Masonlar.org - Harici Forumu

 

Gönderen Konu: BİR DOSTUN ARDINDAN…  (Okunma sayısı 4814 defa)

0 Üye ve 1 Ziyaretçi konuyu incelemekte.

Mart 19, 2010, 11:14:18 öö
  • Seçkin Üye
  • Uzman Uye
  • *****
  • İleti: 7217
  • Cinsiyet: Bay


Bugün önemli bir gün benim için…

Bundan tam on yıl önce bugün, yaşantımda çok önem ve değer verdiğim bir gerçek dostumu toprağa teslim etmek zorunda kalmıştım.

Çok da kızmıştım ona!... Ne olurdu şu yüksek tansiyon rahatsızlığını gayet iyi bildiği halde biraz daha özen gösterseydi sağlığı uğruna yemesine içmesine?...

Sanırım yapamazdı, çünkü bir gastronomdu o… Unutamam sırf alabalık ve akşamdan kireç kaymağına yatırılmış kabak kızartması yemek, bu arada elimizle yanı başımızdan akan suya uzanıp dere otu toplamak için, sırf bunun için beni Antalya’dan 3.5 saat ötedeki Köprülü Kanyon’a götürüşünü.

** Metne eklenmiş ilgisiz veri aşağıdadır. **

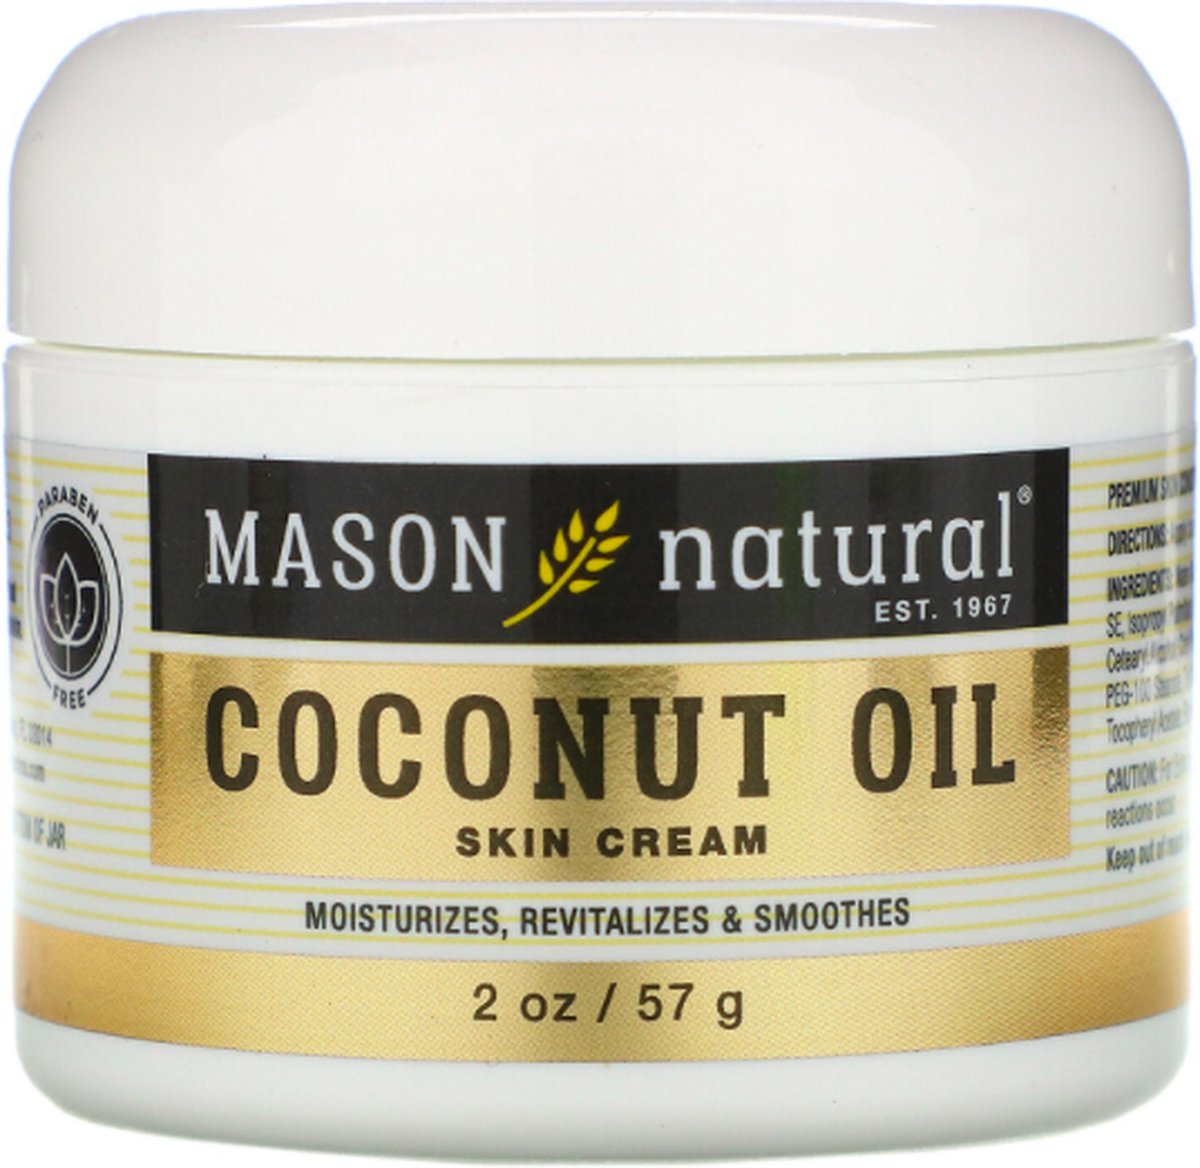 Coconut Oil Skin Cream - 57g

Yirmi yılı aşkın bir dostluğumuz vardı onunla… Dünyalarımız pek ayrıydı belki, uğraşılarımızın ve zevklerimizin öyle pek uyuştuğunu söyleyemem ama çok iyi dostumdu. Sadece benim mi? Çok kişinin çok iyi dostuydu o. Ben de onların arasında kaynayıp gidiyordum işte!

Onunla birlikte çeşitli sosyal ve kültürel ortamlarda birlikte yer aldık. Oralarda kendimize görevler ve sorumluluklar yaratarak bunları paylaştık. Onunla birlikte olunca hiçbir girişimimiz olmadı ki başarı ile sonuca ulaştırmayalım. Aslında onundu tüm o başarılar, benim değil.

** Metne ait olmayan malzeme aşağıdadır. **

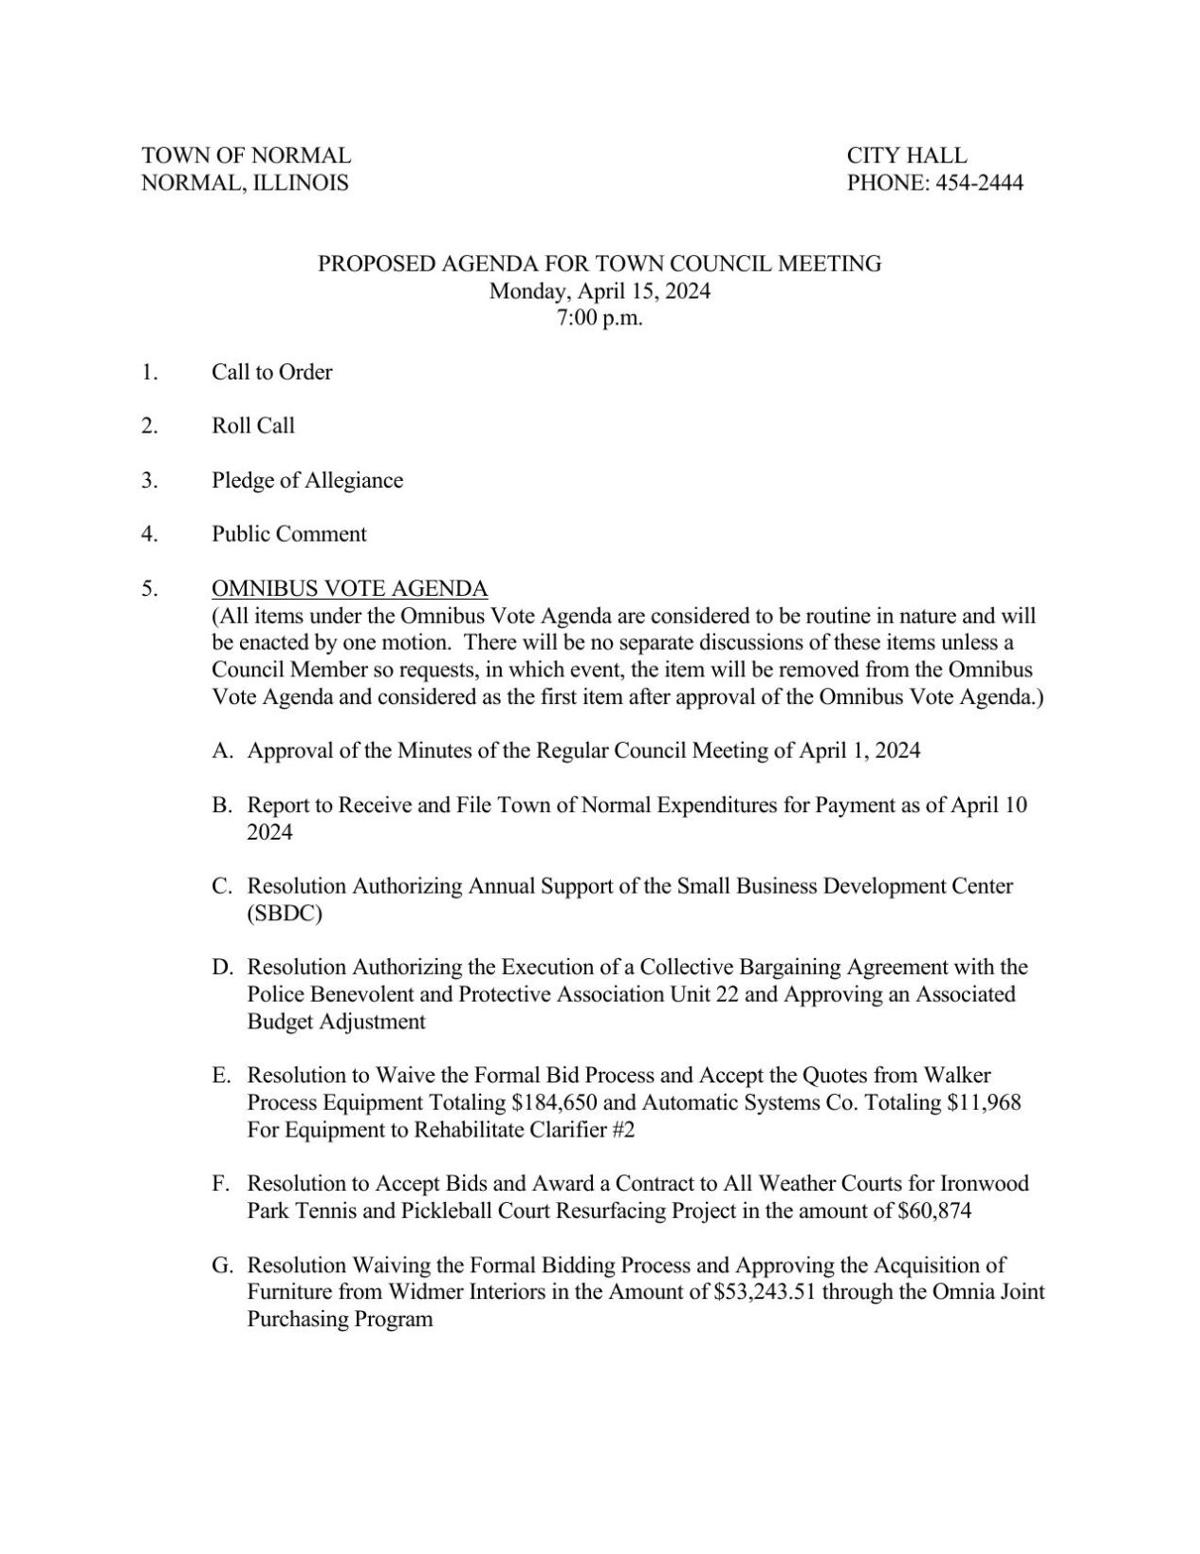 Normal Town Council Agenda April 15, 2024

Sık sık görüşürdük ama birbirimizi göremediğimiz günler olurdu kuşkusuz. Fakat içimizden birinin başka bir yerde bulunmadığı sürece birbirimizin sesini duymadan geçirdiğimiz gün pek enderdi.

Bir arada olduğumuzda ise, birlikteliğimizin tek dakikasından bile sıkılmazdık. En azından bu benim için doğru. Onu bıktırdığım anlarım olduğunu anımsarım ama hiç sinirlenmez, kendine özgü o tatlı gülümsemesiyle anlatırdı duygularını. Nitekim belki farklı şeyler düşünür ama o an birbirimizin ne düşündüğünü anlar, hemen düşüncelerimizi özdeşleştirirdik. Herhangi bir atılımda çıkış noktalarımız farklı hatta çelişkili bile olsa, -nitekim çoğu kez öyle olurdu- her ikimizin de kolaylıkla benimseyeceği bir orta yol bulmakta hiç de güçlük çekmezdik.

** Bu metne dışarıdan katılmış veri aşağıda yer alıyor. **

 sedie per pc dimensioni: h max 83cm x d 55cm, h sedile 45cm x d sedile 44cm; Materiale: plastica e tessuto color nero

Bizi, ikimizi iyi tanıyanlar, herhangi bir konu ya da olay üzerinde onun görüş, tutuma ya da bir bireysel girişiminde benim etkim olduğunu, benim görüş, tutum ya da girişimimde ise mutlaka onun bir payının bulunduğunu söylerdi. Öyleydi; doğruya doğru!

Bir sosyal ya da kültürel ortamda herhangi bir şey yapılması gerektiğinde, içimizden biri bu yapılacak olan işe katılmaya karar verdi mi, diğerinin de mutlaka katılacağını bilirdi. Bu bakımdan belki ben zaman zaman onu yalnız bırakmış olabilirim ama onun beni yalnız bırakmış olduğu tek bir olaydan bile söz edemem.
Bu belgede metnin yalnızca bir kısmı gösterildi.